Something in the Pipes, Something in the Walls
Author: Jonathan Sims
Thirteen strangers, one location, an invitation to die for. Banyan Court, the creation of billionaire Tobias Fell, is an elite building. Only the super rich can afford its luxury apartments . . . except the very back, the forced second part of hidden “affordable housing.” But never mind, those people in the back of the building aren’t allowed to mix with the affluent, aren’t seen in the luxury side or even addressed by the elite concierge. They are merely a hidden concession. Yet, oddly, some of them are invitees to the strange dinner held by Mr. Fell in his Penthouse apartment. Something in the building, something growing in the walls and churning through the pipes, singing in the TV and lurking in the stairwells, is pulling them all together. Something to do with the breathing walls, with the inexplicable dimensions of the place, with the strange things that have been happening. And it will all be revealed at the dinner.
Thirteen Storeys brings together the chosen inhabitants of the building. Each story is dramatically different but linked by location and a sinister, humming background. There is more to this strange building and its shadowy owner, a ruthless man rumored to have gained his riches in unethical, illegal, horrific ways. Each chapter introduces a different character. Some stories are more powerful than others, some characters and hauntings more visceral, but all tie together, grounded in an infected place, called by an evil man.
I was initially reluctant to give Thirteen Storeys a try when it came up as the Horror Aficionados Group’s June 2021 pick. I don’t usually gravitate towards short stories, even linked ones, but the point of book club is to inspire us to take chances on experiences outside our comfort zones. I am so glad I did. Thirteen Storeys was electric with its intense weirdness, its claustrophobic feeling, its insane musings and disturbed look into oppression. Some of my favorite tales gravitated around the pipes, with their blood and decay, a weird skeletal specter calling to the building’s lone plumber, leading him on a chase through places that shouldn’t exist to reveal the heart of desiccation. Then, there is the crazy rich art dealer, a man more interested in pomp and circumstance than substance, whose newest painting is causing him nightmares, calling to him, revealing something beyond his mind’s outermost limits.

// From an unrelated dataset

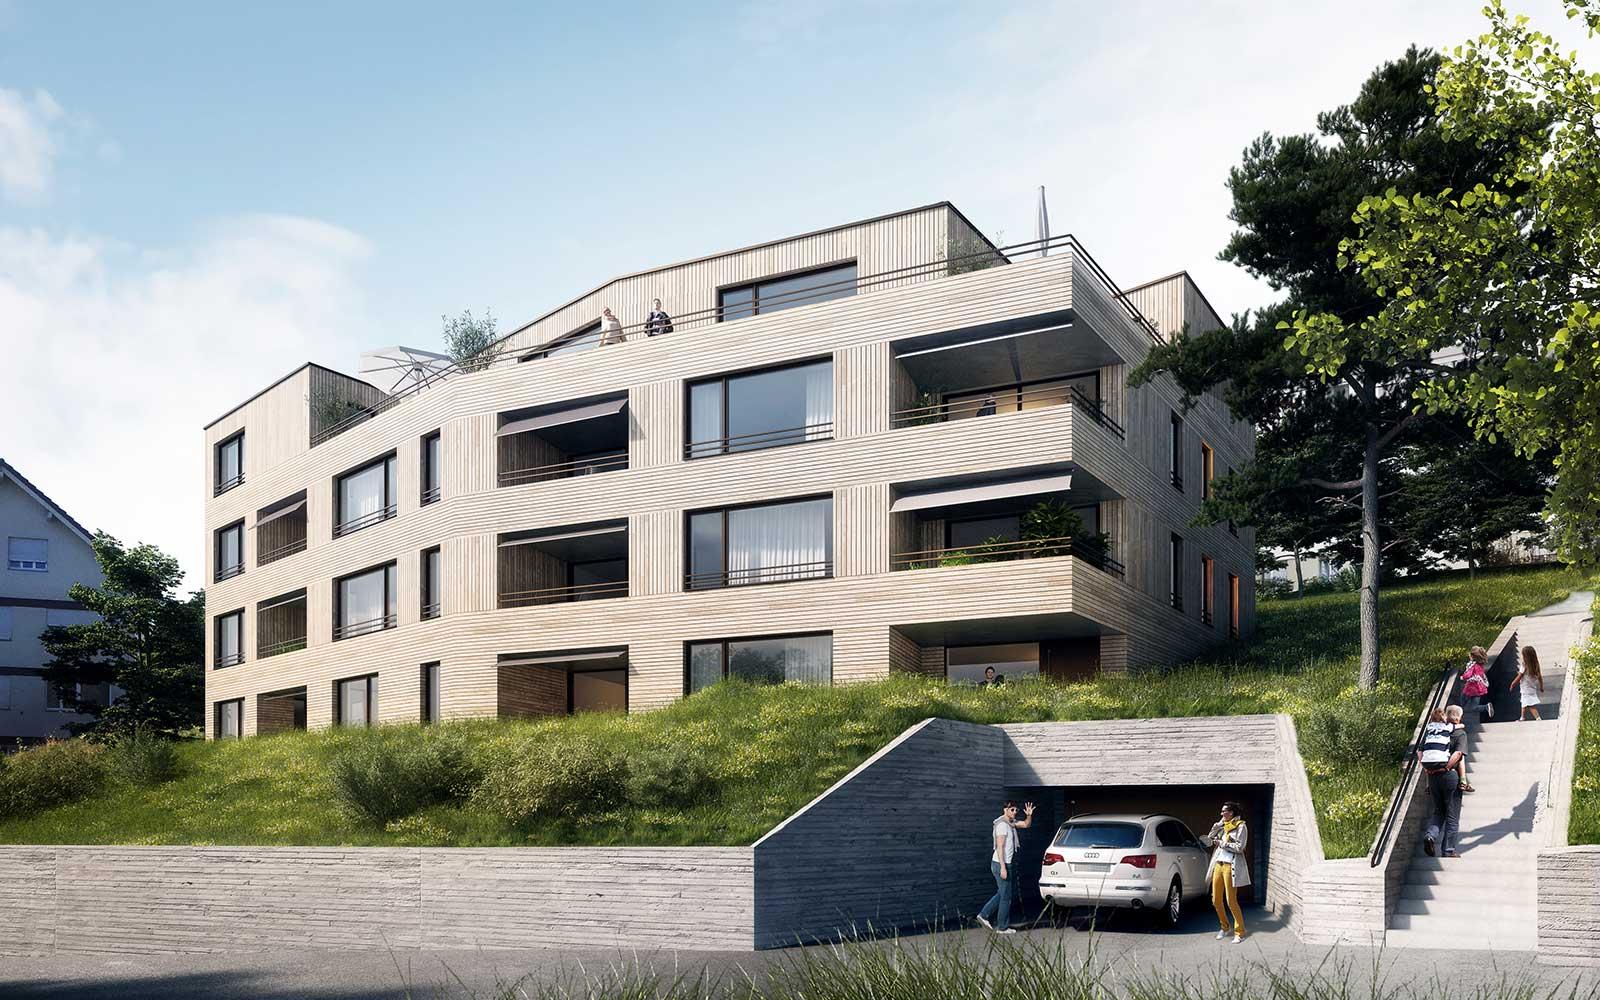 Visualisierung aussen Wettbewerb Neubau Mehrfamilienhaus im Eichhölzli Biel/Bienne

There is the child with her secret feral playmate, a man obsessed with a stain on his apartment’s fancy wall, an old woman dying in front of a TV that talks to her, secret music that only two people can hear and follow, a sleepless woman with nighttime hallucinations, and many more. Each story growing, vibrating with its own internal uniqueness and creating a grime patois that leads toward an invitation and a revelation.

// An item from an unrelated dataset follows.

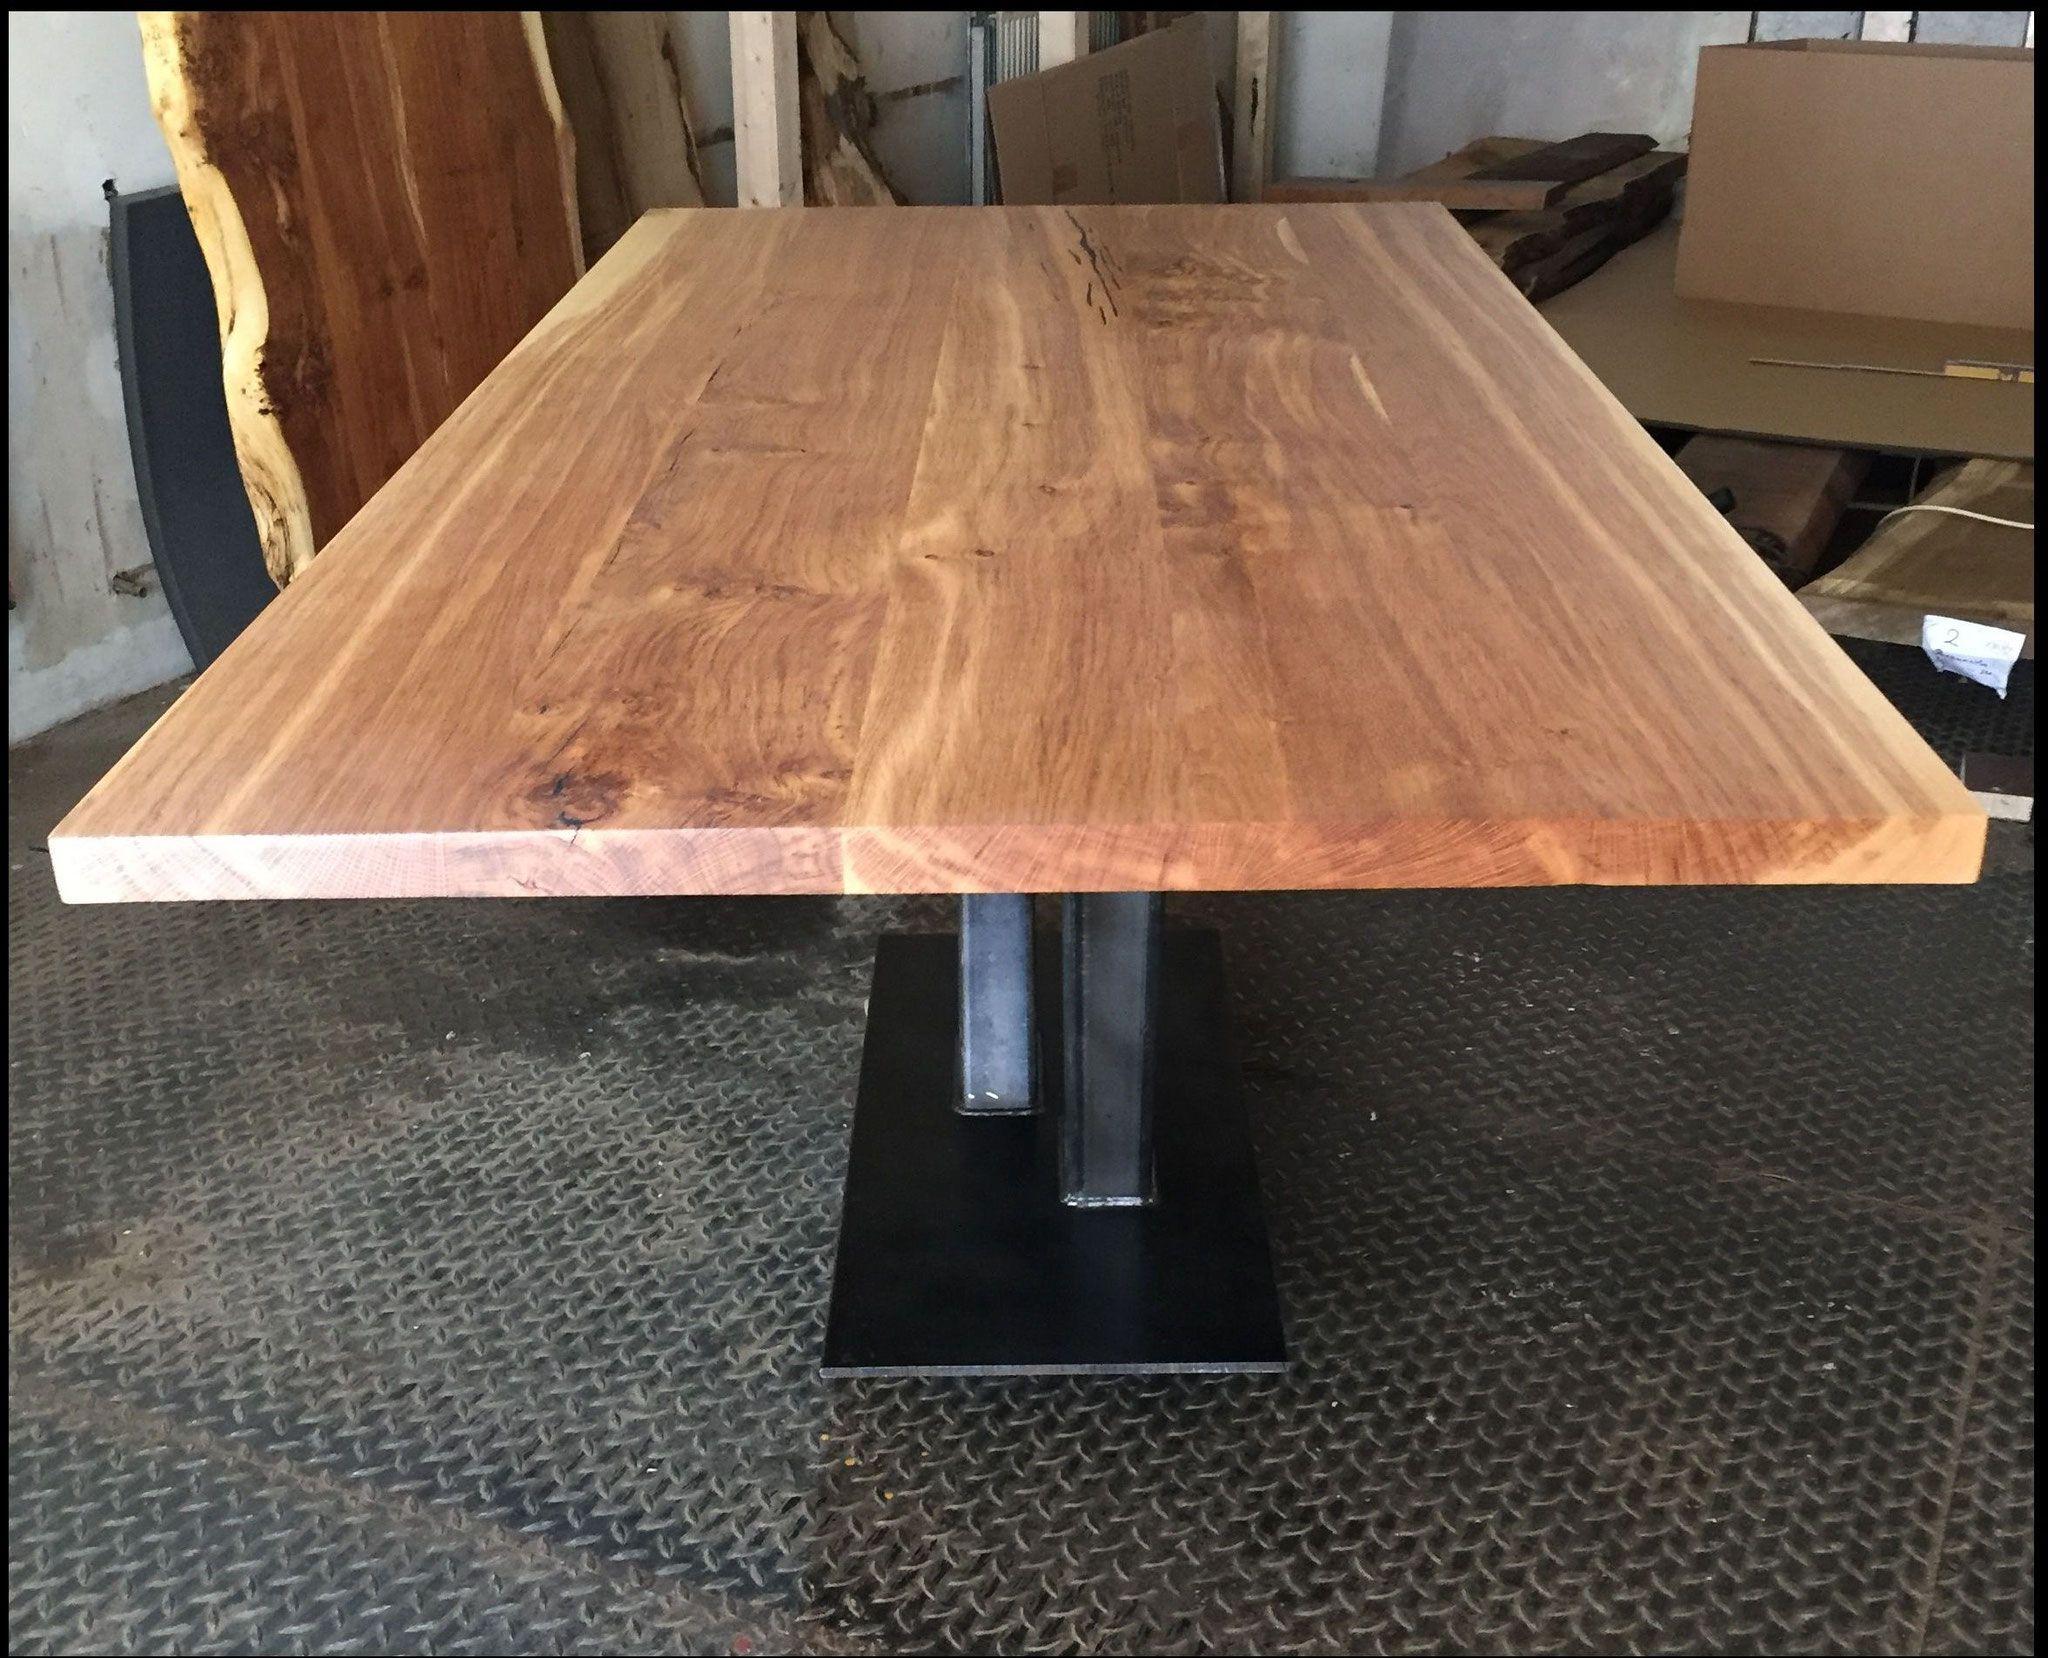 esstisch aus massivholz 2x1 meter und aus nur 5 bohlen aus satten

The conclusion is actually not as strong as the stories leading up to it, the moral a little obvious, albeit relevant. I was disappointed at the culmination because I didn’t want the stories – the thing I thought I would not like – to end. Just writing this review brings back the feeling, the addictive and immersive quality of Thirteen Storeys. This is an author I will return to and another lesson: book clubs rule.